Requirement:
Each line of the records needs to be written out exactly, with any image left out.
***
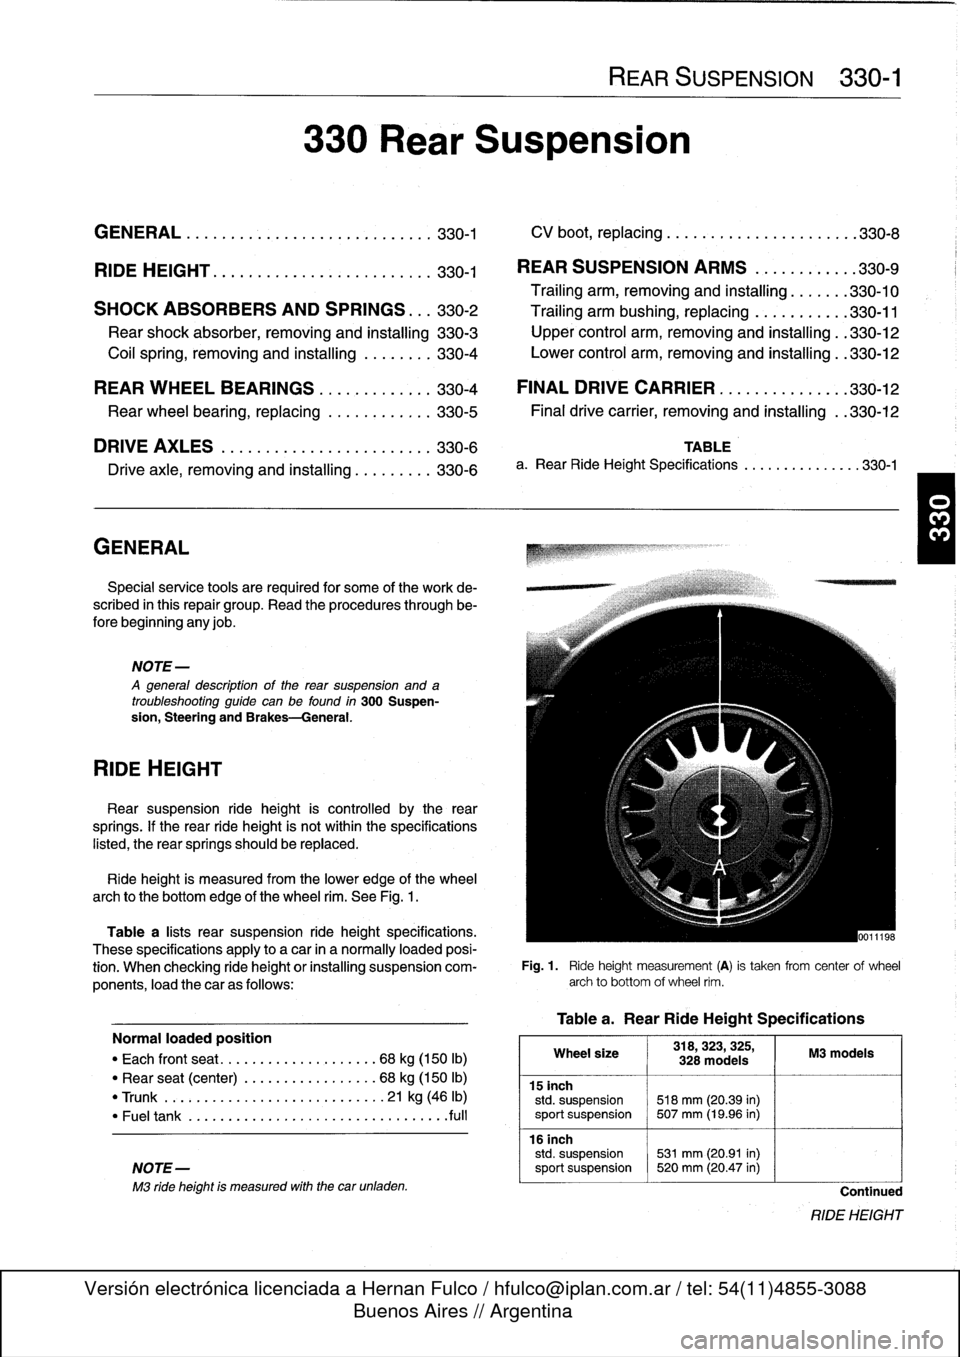 BMW 323i 1993 E36 Workshop Manual 
GENERAL
.......
.
.
.
.
.
.
.
.
.
.......
.
...
.330-1

	

CV
boot,
replacing
........
.
.
.
.........
.
.330-8

RIDE
HEIGHT
....
.
.
.
.
.
...
.
...
.
.
.
.
.
...
.
330-1

	

REAR
SUSPENSION
ARMS
.
***
Exercise output:
 BMW 323i 1993 E36 Workshop Manual 
GENERAL
.......
.
.
.
.
.
.
.
.
.
.......
.
...
.330-1

	

CV
boot,
replacing
........
.
.
.
.........
.
.330-8

RIDE
HEIGHT
....
.
.
.
.
.
...
.
...
.
.
.
.
.
...
.
330-1

	

REAR
SUSPENSION
ARMS
.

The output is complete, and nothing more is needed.